Content starts

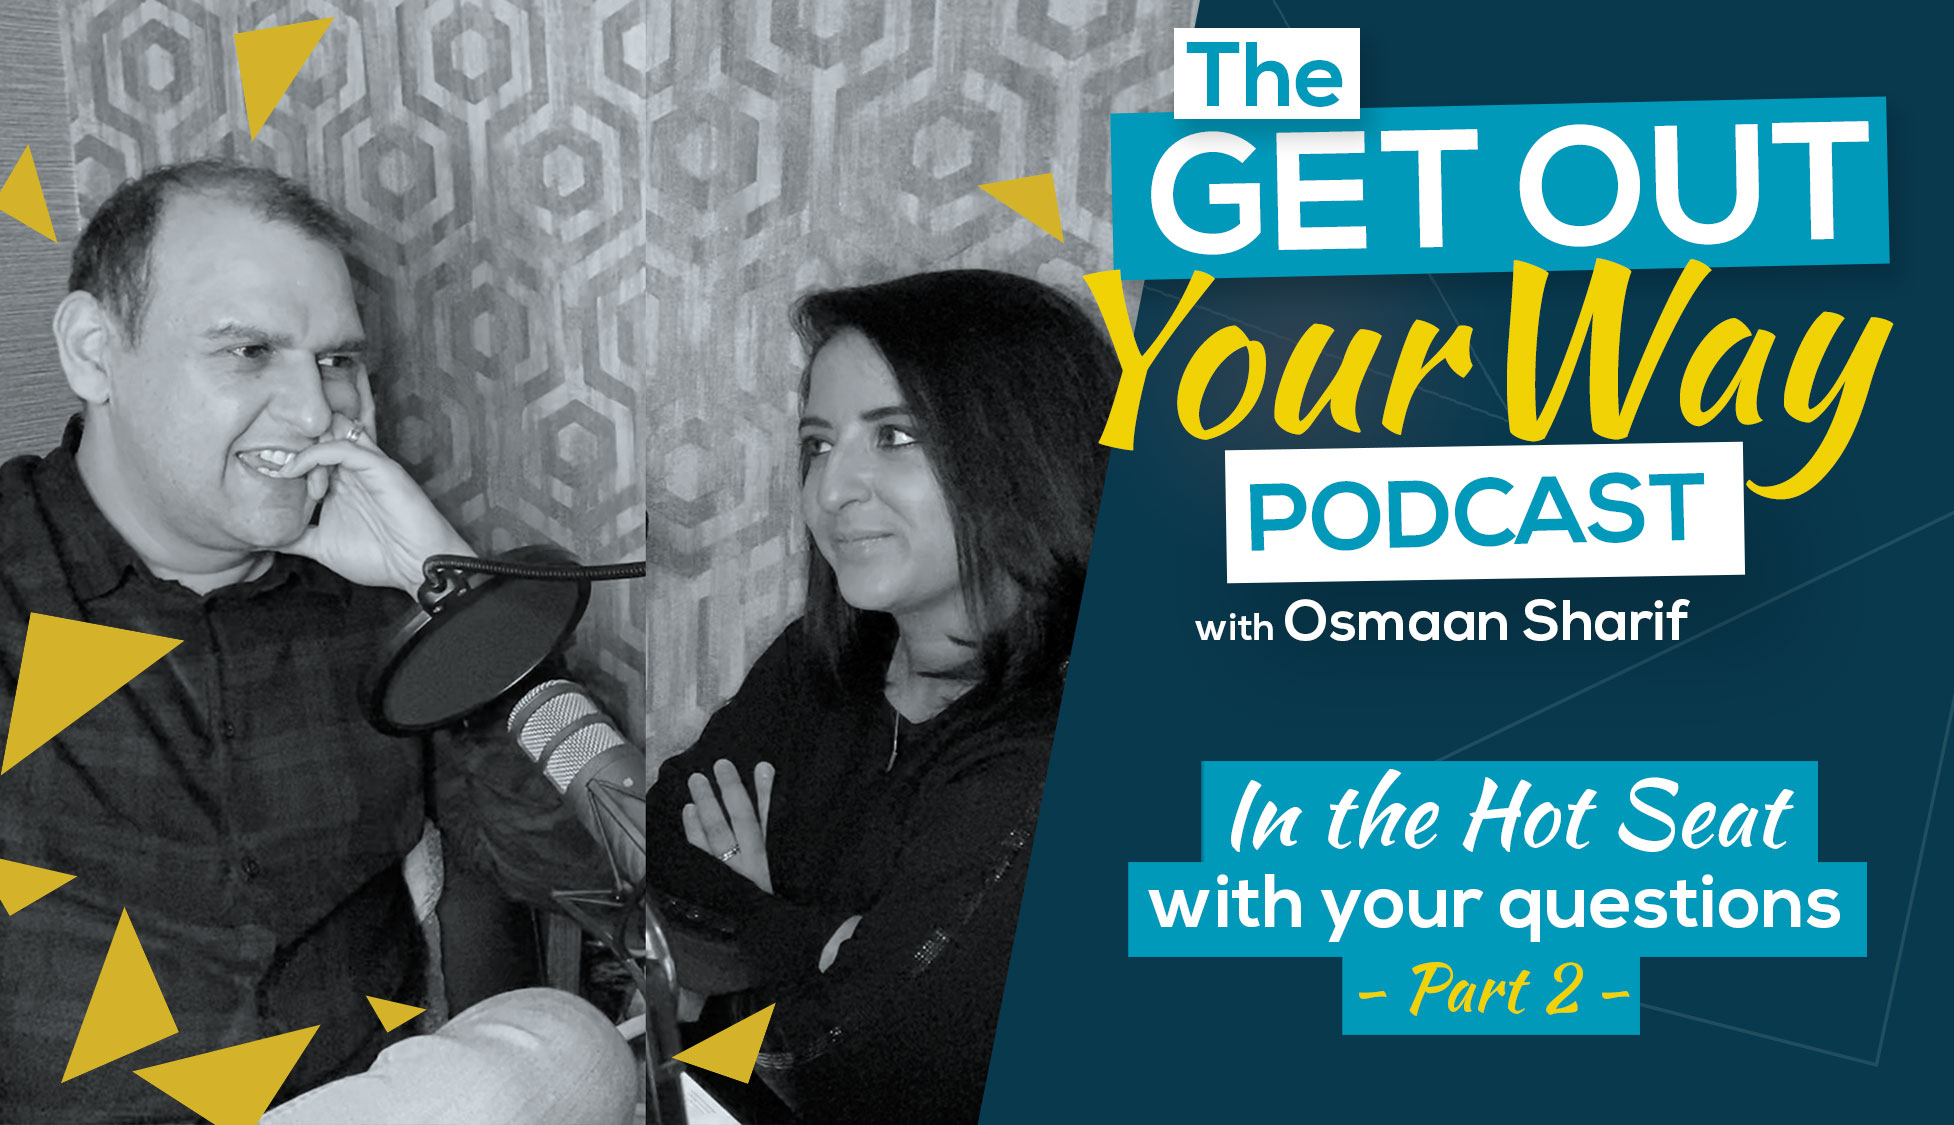 Episode 101 – In the Hot Seat with Your Questions Part 2
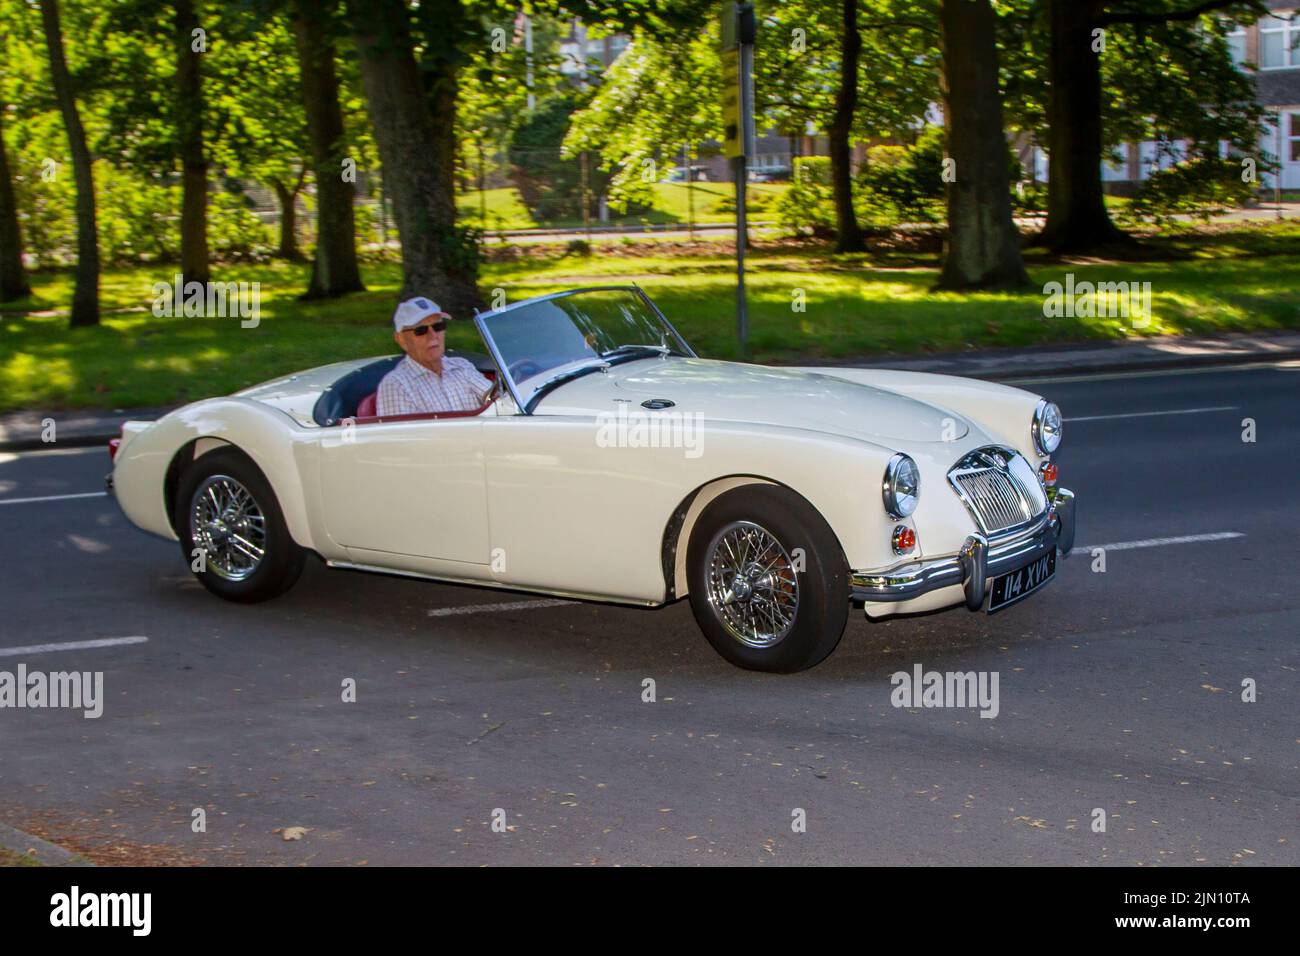 1960 60s, sixties white MG A 1600cc British sports car; Collectable cars are travelling to display at the 13th Lytham Hall Summer Classic Car & Motorcycle Show, a Classic Vintage Collectible Transport Festival. Stock Photo
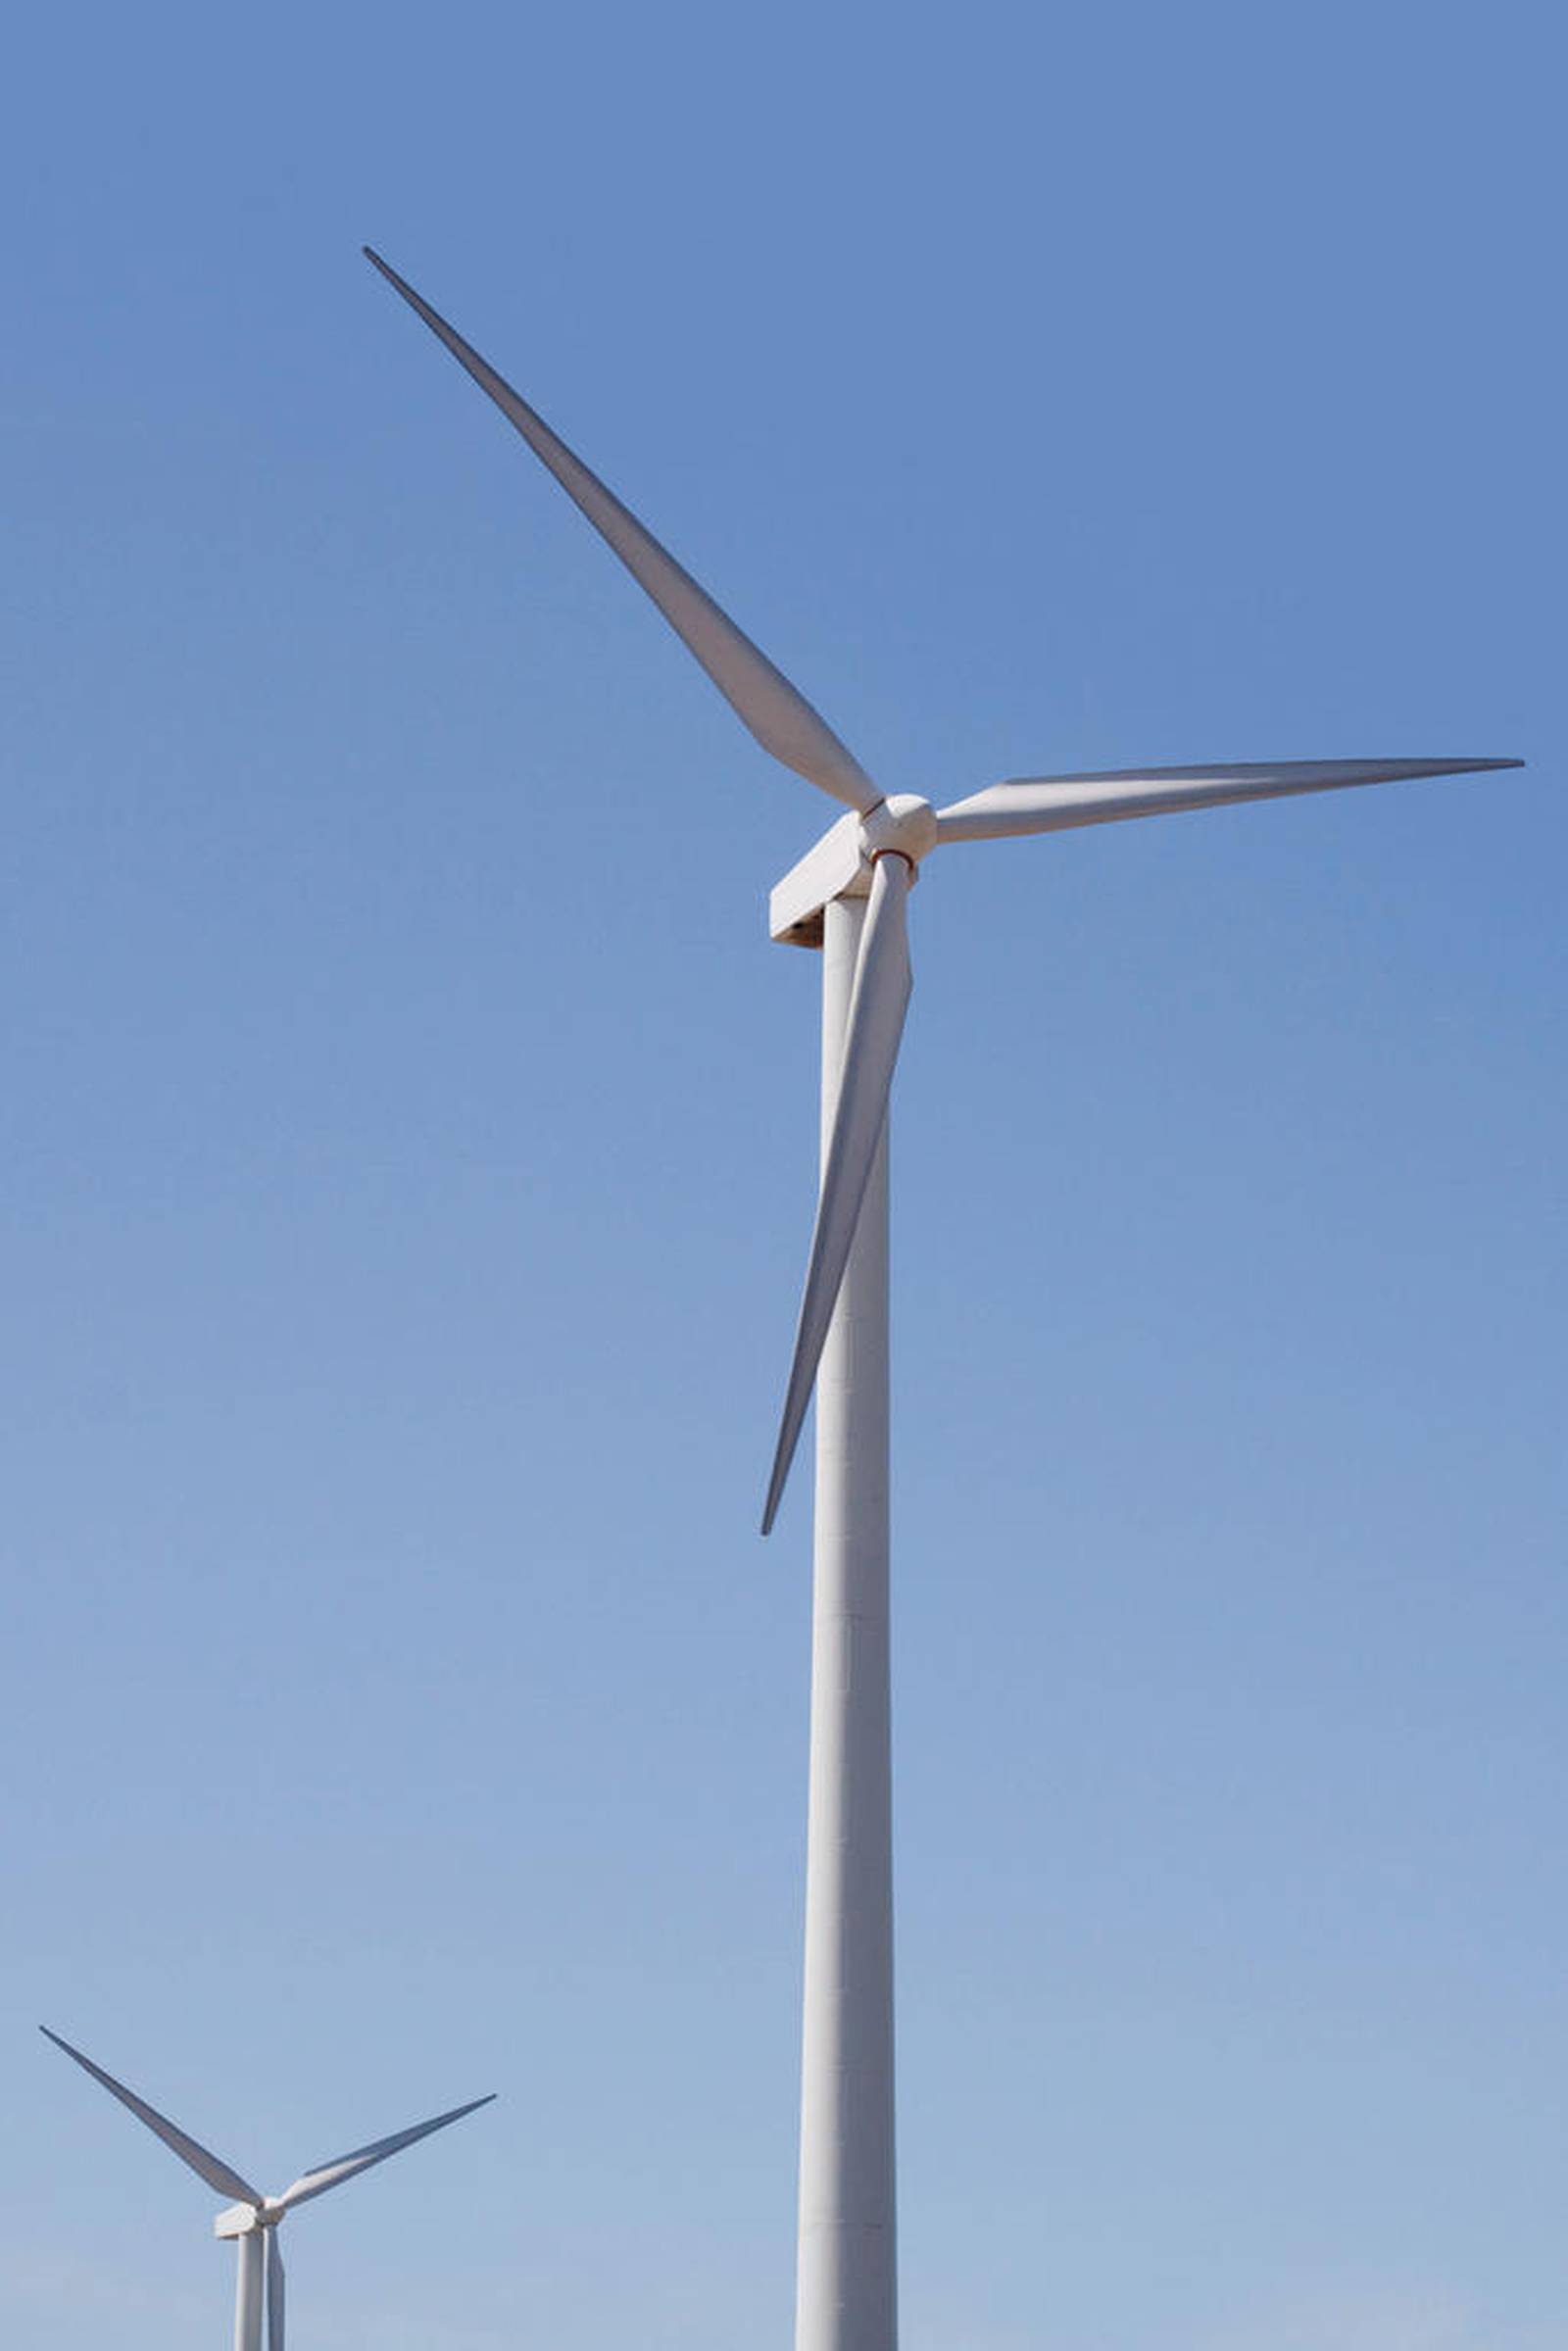 alliant-energy-to-add-more-wind-energy-in-iowa-newton-daily-news

Content ends

* **TASK BRIEF**:
Reproduce every line above word for word; no images.

* **FINISHED EXERCISE**:
 Episode 101 – In the Hot Seat with Your Questions Part 2
 1960 60s, sixties white MG A 1600cc British sports car; Collectable cars are travelling to display at the 13th Lytham Hall Summer Classic Car & Motorcycle Show, a Classic Vintage Collectible Transport Festival. Stock Photo
 alliant-energy-to-add-more-wind-energy-in-iowa-newton-daily-news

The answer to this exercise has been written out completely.